Cellular Uptake and Transport Mechanism Investigations of PEGylated Niosomes for Improving the Oral Delivery of Thymopentin

Round 1

Reviewer 1 Report

pharmaceutics-2875444

Cellular uptake and transport mechanism investigations of PEGylated niosomes for improving the oral bioavailability of Thymopentin

The manuscript by Liu et al. described the development and in vitro evaluation of PEGylated niosomes loaded with Thymopentin. The authors demonstrated that the developed formulation could increase the cellular uptake of the drug. Overall, the manuscript was well organized, and the data were, in part, sufficient for the conclusion. However, it is noted that the formulation was previously developed and published in another article. In this study, the authors presented primarily the cellular uptake of the formulation and its mechanism. The contribution of this work is insufficient for publication as an independent article, particularly in a top-tier journal like Pharmaceutics. Besides, there are other points to consider, as listed below.

1. The title should be changed since there is no in vivo PK study to confirm the improved BA of the formulation.

2. The manuscript has no reference list to evaluate.

3. The total number of references is 87, which is relatively high for an in vitro study like this. Some references may be unnecessary. For example, there is no need for 3 - 7 references to support a statement, like in lines 64, 67, 447, 464, 618, 623, 637, 639, and many others.

4. Lines 50 – 53: Please mention the results of these trials.

5. Citation is required for the statement in lines 74 – 78.

6. Lines 87 – 93: Please correct typos and rewrite this part. Please highlight the novelty and contribution of the study.

7.  Please clarify how to obtain the noisomes numbers. It is inappropriate to use noisome numbers. Instead, please convert to TP5 concentrations.

8. There may be no significant difference in the data comparisons as marked by “*” and “**” in Figure 10. Please recheck.

9. From Figures 10 and 13, there are no improvements in the formulations compared with the free drug.

10. The manuscript can be shortened since all the discussed issues have been well known and available in the literature. The overall findings of this study are limited. This work should be better combined with the next in vivo work in a single article.

Minor editing of English language required

Author Response

Responding to reviewers concerns/critiques for ‘Cellular uptake and transport mechanism investigations of PEGylated niosomes for improving the oral delivery of Thymopentin’

ID: pharmaceutics-2875444

Thank you for your suggestions and insightful comments.
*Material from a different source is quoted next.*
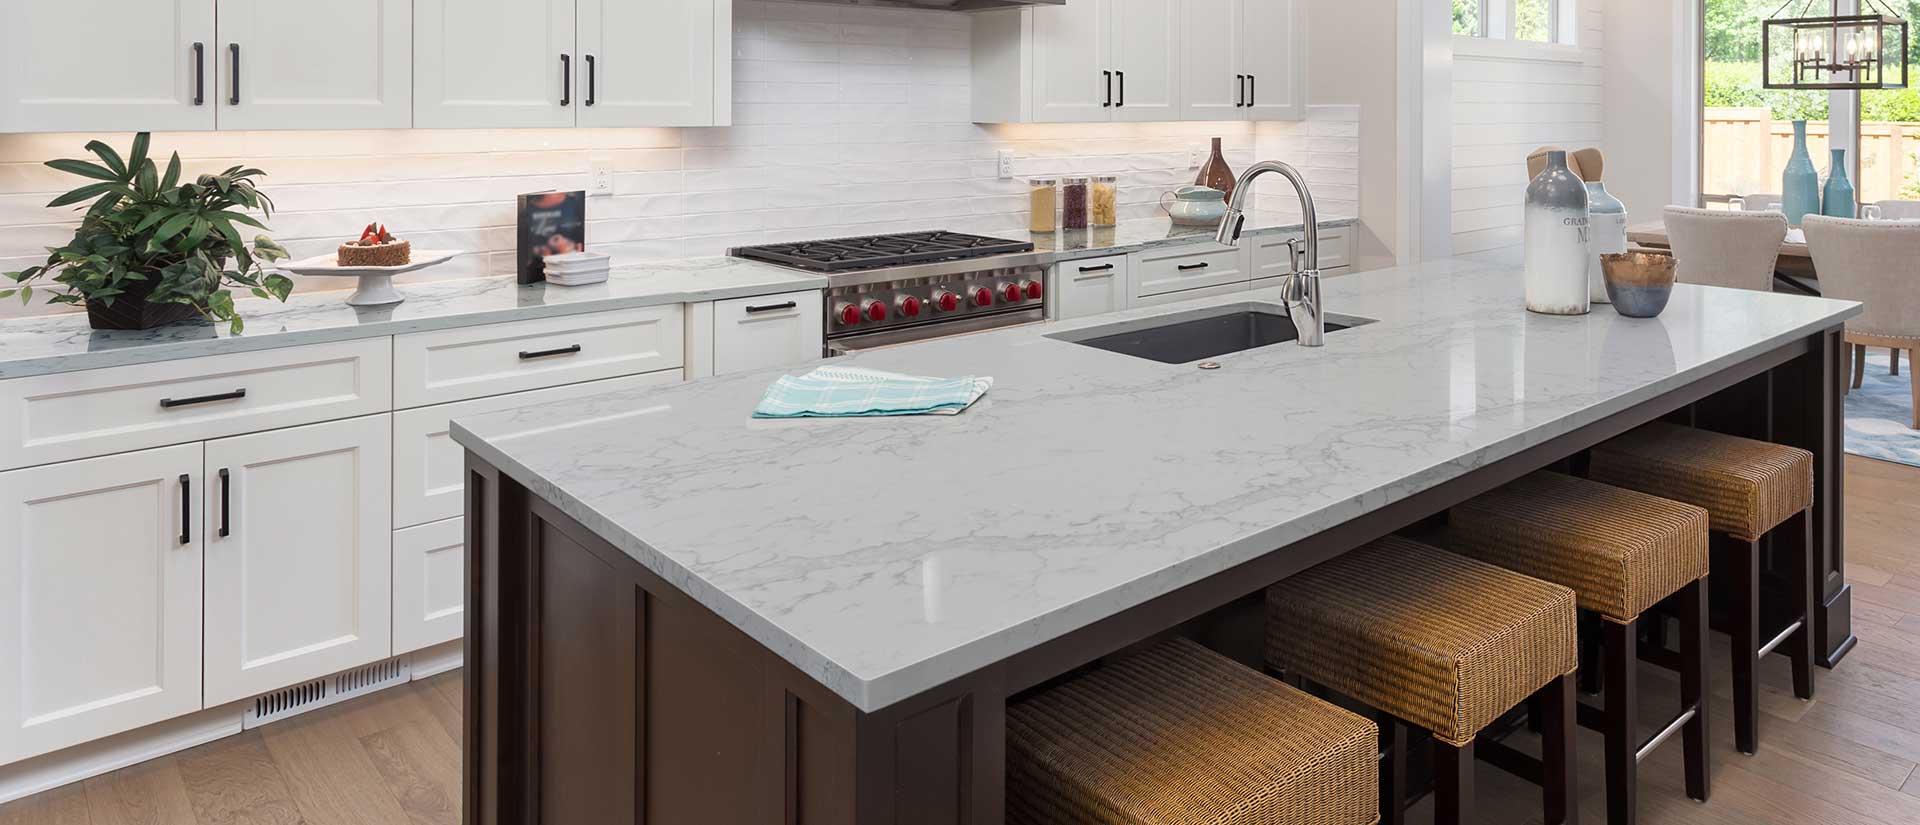 Msi Quartz Calacatta Naples Royal Kitchen And Flooring

The manuscript has been revised as suggested as showed in below:

1. Comment 1 from Reviewer 1: “The title should be changed since there is no in vivo PK study to confirm the improved BA of the formulation.”
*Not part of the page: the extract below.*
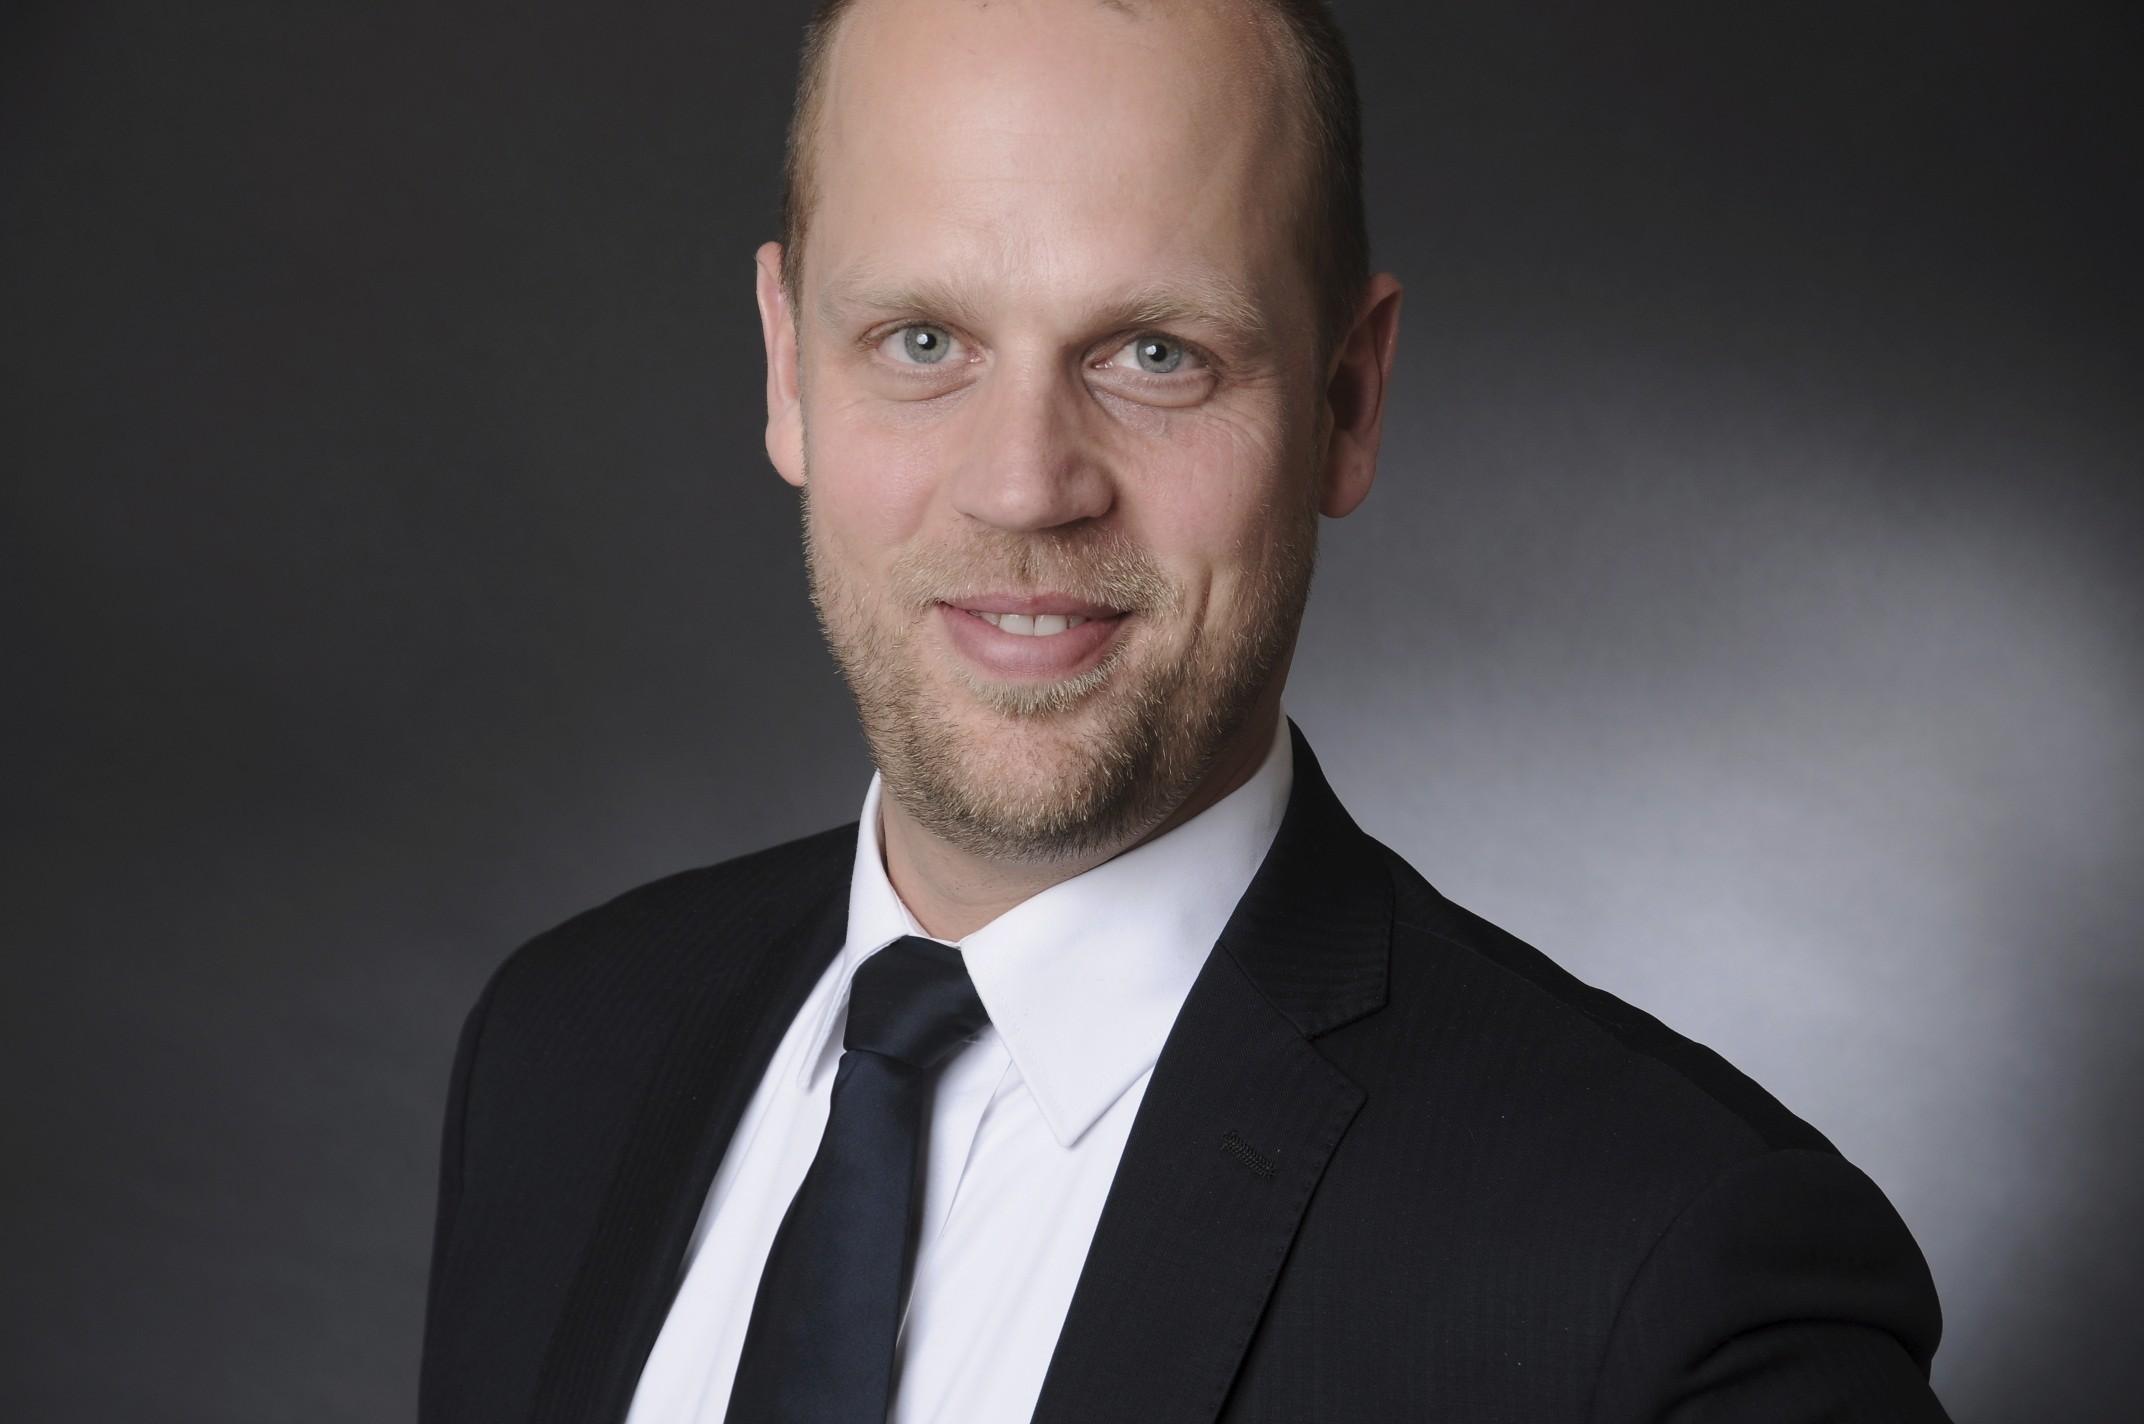 FSM-Geschäftsführer zu Jugendmedienschutz

• Response to reviewer: Thanks for your valuable comments. The title has been changed in to ‘Cellular uptake and transport mechanism investigations of PEGylated niosomes for improving the oral delivery of Thymopentin’.

2. Comment 2 from Reviewer 1: “The manuscript has no reference list to evaluate.”
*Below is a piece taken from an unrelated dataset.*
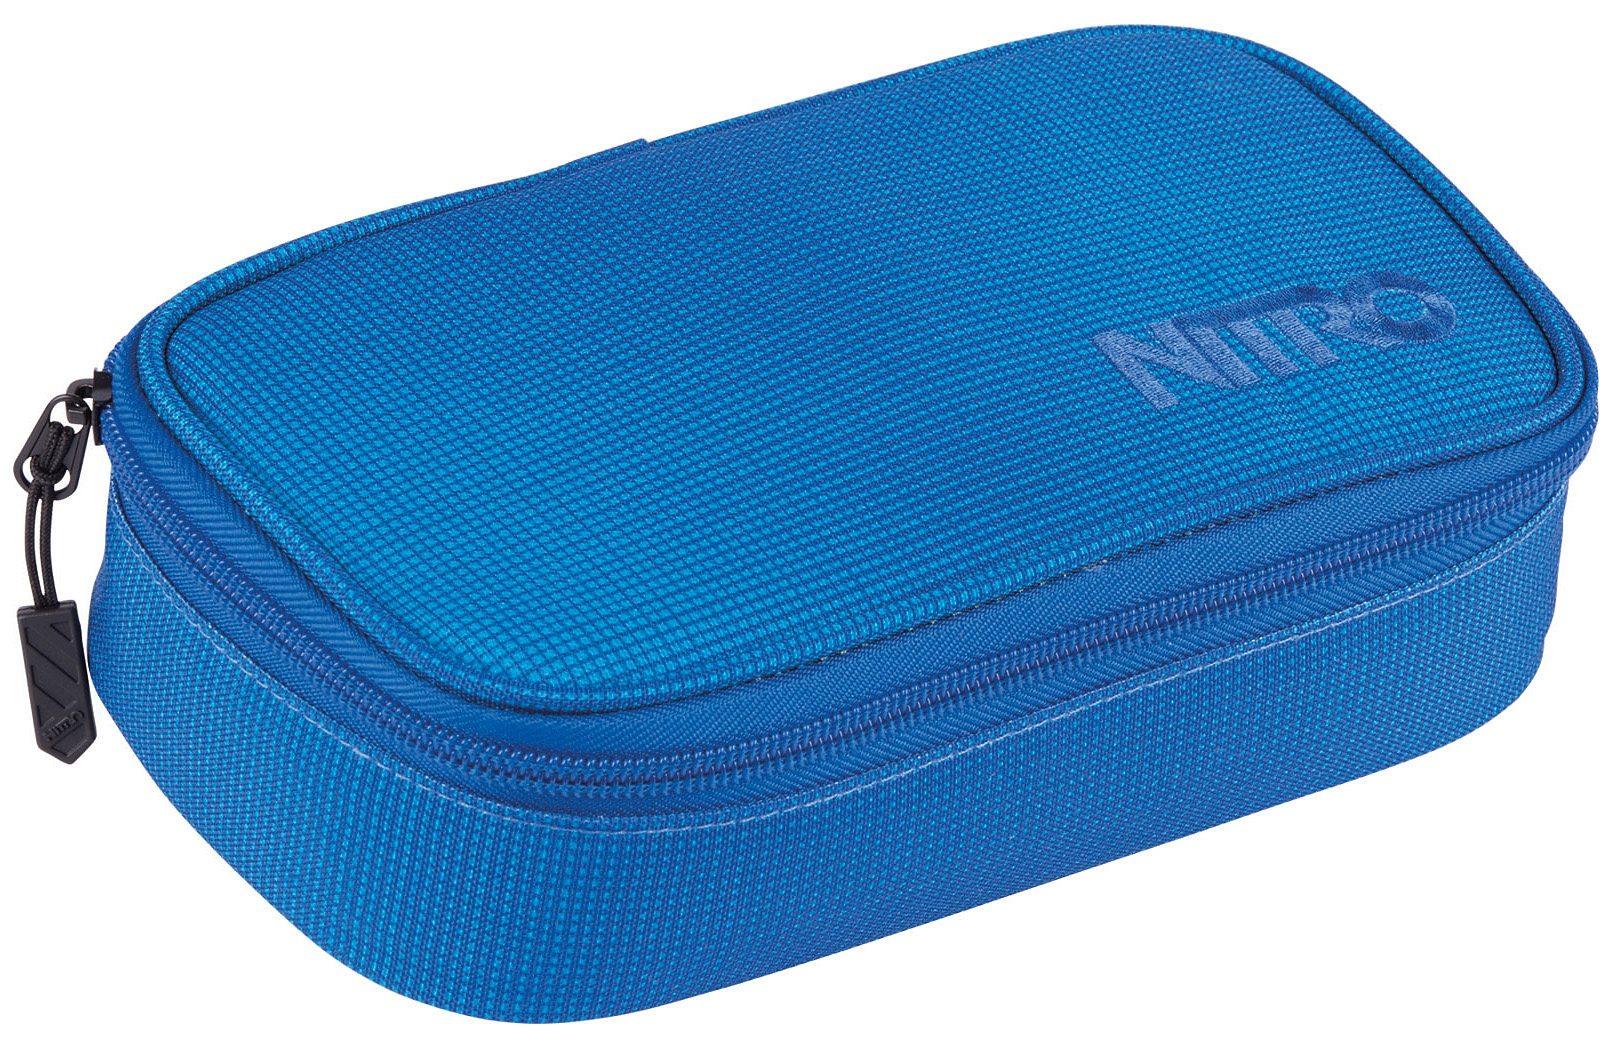 Nitro Federmäppchen, »Pencil Case XL - blur brilliants blue«

• Response to reviewer: Thanks for your concern, the references were shown at the end of the manuscript at Line 678, Page 22.

3. Comment 3 from Reviewer 1: “The total number of references is 87, which is relatively high for an in vitro study like this. Some references may be unnecessary. For example, there is no need for 3 - 7 references to support a statement, like in lines 64, 67, 447, 464, 618, 623, 637, 639, and many others.”

• Response to reviewer: Thanks for your question. We have deleted some references and the total number of references is 68 Please see the updated reference list at Line 678, Page 22.

4. Comment 4 from Reviewer 1: “Lines 50 – 53: Please mention the results of these trials.”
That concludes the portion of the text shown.